In the first half, the Active Cosmetics Division continued to build momentum, with sales increasing by +7.8% like-for-like (+6.6% based on reported figures), driven by the recovery of Vichy and the strong and sustained growth of La Roche-Posay.

  • Vichy is continuing to perform well, particularly in Western Europe and in skincare, with the launch of Idealia BB Cream. La Roche-Posay is once again posting very strong growth in Western Europe and across all the New Markets. 

  • In Western Europe, the Division is growing significantly faster than the market. All the geographic zones are growing, with an outstanding performance in Latin America, driven by Brazil in particular. 

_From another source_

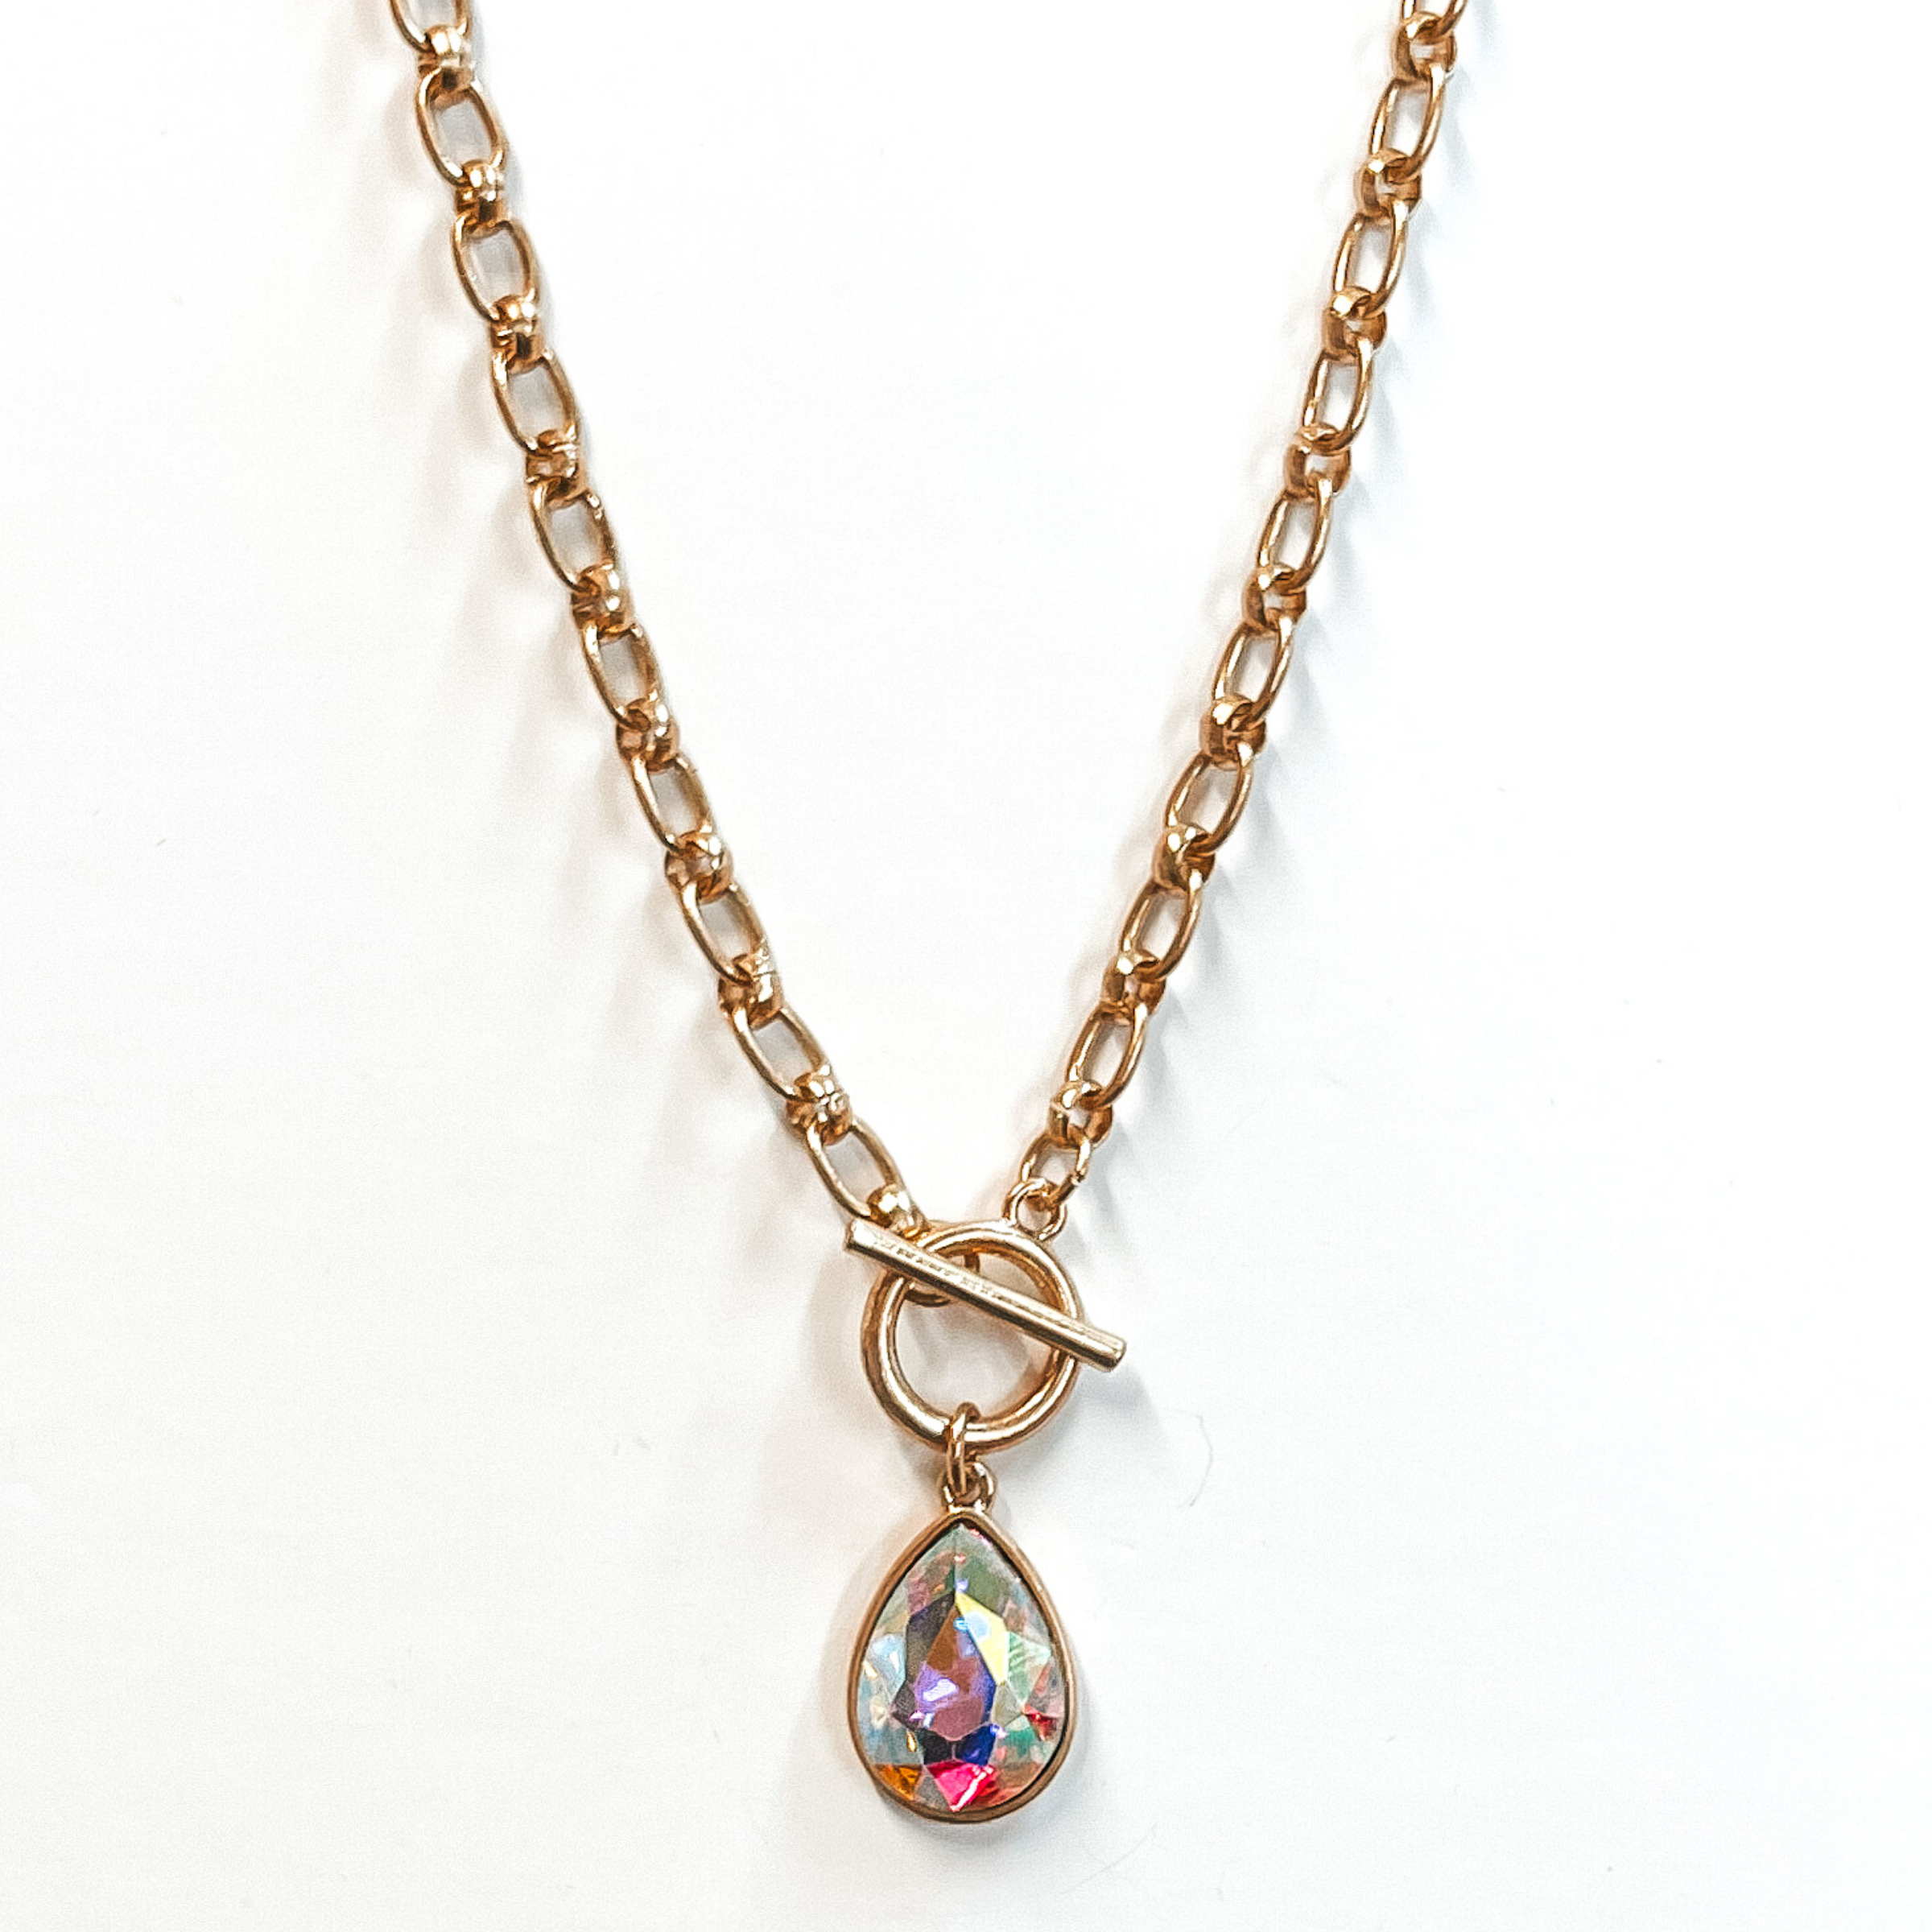 Gold chain necklace with front toggle clasp. This necklace includes an AB teardrop crystal with a gold backing. This necklace is pictured on a white background.

Multi-division summary by geographic zone


The European market is declining slightly, with a negative southern Europe, and the rest of Europe remaining more or less stable. Against this background, L'Oréal recorded growth of +1.7% like-for-like, and +1.6% based on reported figures, thanks to substantial market share gains by the Consumer Products and Active Cosmetics Divisions. Germany, France and the countries of northern Europe are all contributing to growth; Spain and Portugal are gradually recovering. L'Oréal Paris, Garnier, Lancôme, Kiehl's, Vichy and La Roche-Posay are all making strong progress.


North America achieved growth of +5.4% like-for-like and +6.7% based on reported figures. Group sales are increasing nearly twice as fast as the market. In an American market that is growing slightly slower than in 2012, the Consumer Products Division is making strategic breakthroughs with L'Oréal Paris Advanced Haircare, Olia hair colourant by Garnier, and the ramp-up of Essie. At L'Oréal Luxe, Urban Decay and Kiehl's are expanding strongly, and the new men's fragrance Red by Ralph Lauren is making a good start. The Active Cosmetics Division is continuing to expand, thanks to the opening of new sales outlets and the continuing success of SkinCeuticals.

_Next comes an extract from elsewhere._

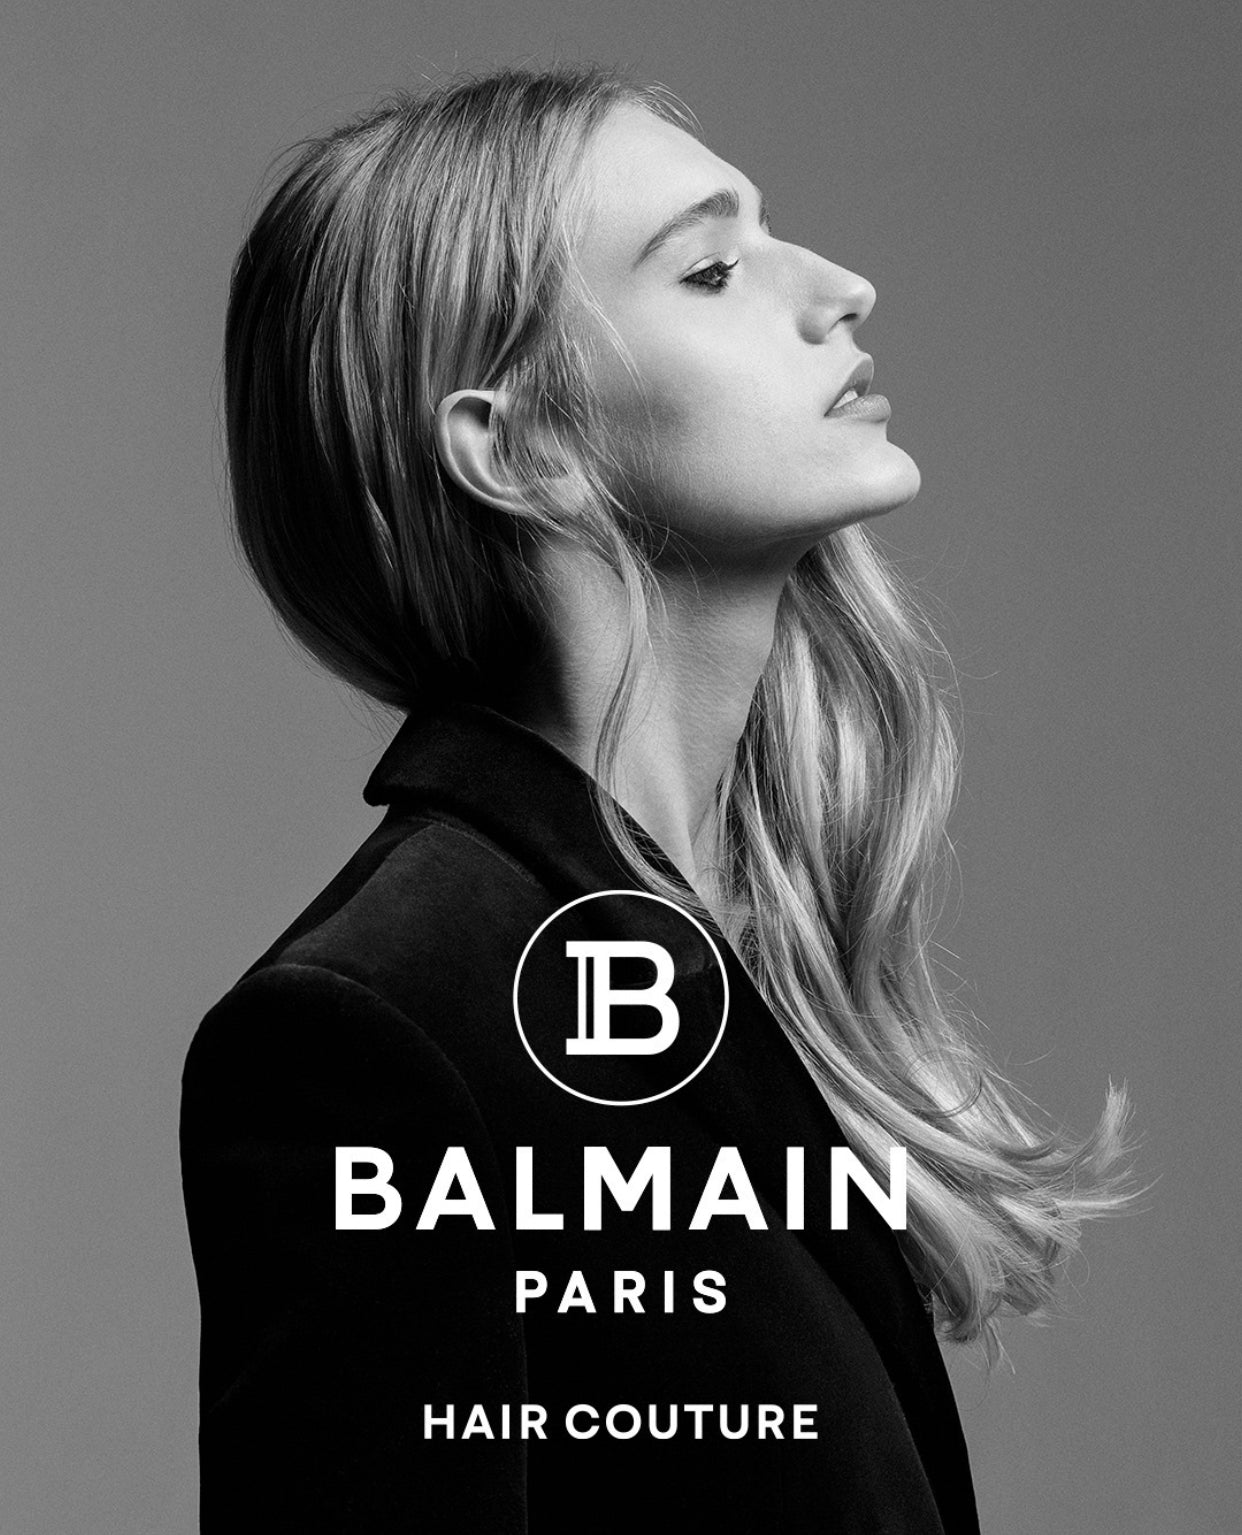 About the - Balmain Hair Couture – Luxury Haircare Company

  • Asia, Pacific: L'Oréal recorded growth of +8.0% like-for-like and +5.1% based on reported figures. If Japan is excluded, like-for-like growth reached +9.2%. The contrasting trends in this zone are continuing, with a negative market trend in South Korea, while in China, India and the ASEAN countries, the market remains favourable. 
    The Group is strengthening its positions, thanks in particular to the strong performance of L'Oréal Paris in the Consumer Products Division, and Lancôme, Yves Saint Laurent and Kiehl's at L'Oréal Luxe. Yves Saint Laurent has been launched in China. Amongst the countries, Indonesia, India and China in particular are contributing to the strong performance in this zone.

  • Latin America: Latin America recorded growth of +13.5% like-for-like and +9.6% based on reported figures. Each Division is performing well and gaining market shares. Brazil is returning to strong growth, thanks to the solid performance of the Consumer Products Division, in haircare with Elvive by L'Oréal Paris, in hair colourants with Casting Crème Gloss and the acceleration in the roll-out of Maybelline
    The Active Cosmetics Division is continuing to grow faster than the market. The Professional Products Division is accelerating, thanks to the launch in Brazil of Serie Expert Absolut Control and Matrix Biolage Repair Inside.

  • Eastern Europe: This zone recorded growth of +8.4% like-for-like and +6.7% based on reported figures in a market that has slowed down slightly. Growth in this zone is being driven by Russia and Ukraine, while Poland is now recovering. L'Oréal Luxe performed well in Russia thanks to Lancôme and Giorgio Armani, and the trends of all the Consumer Product Division brands are favourable. Professional Products is continuing its conquest of new hair salons.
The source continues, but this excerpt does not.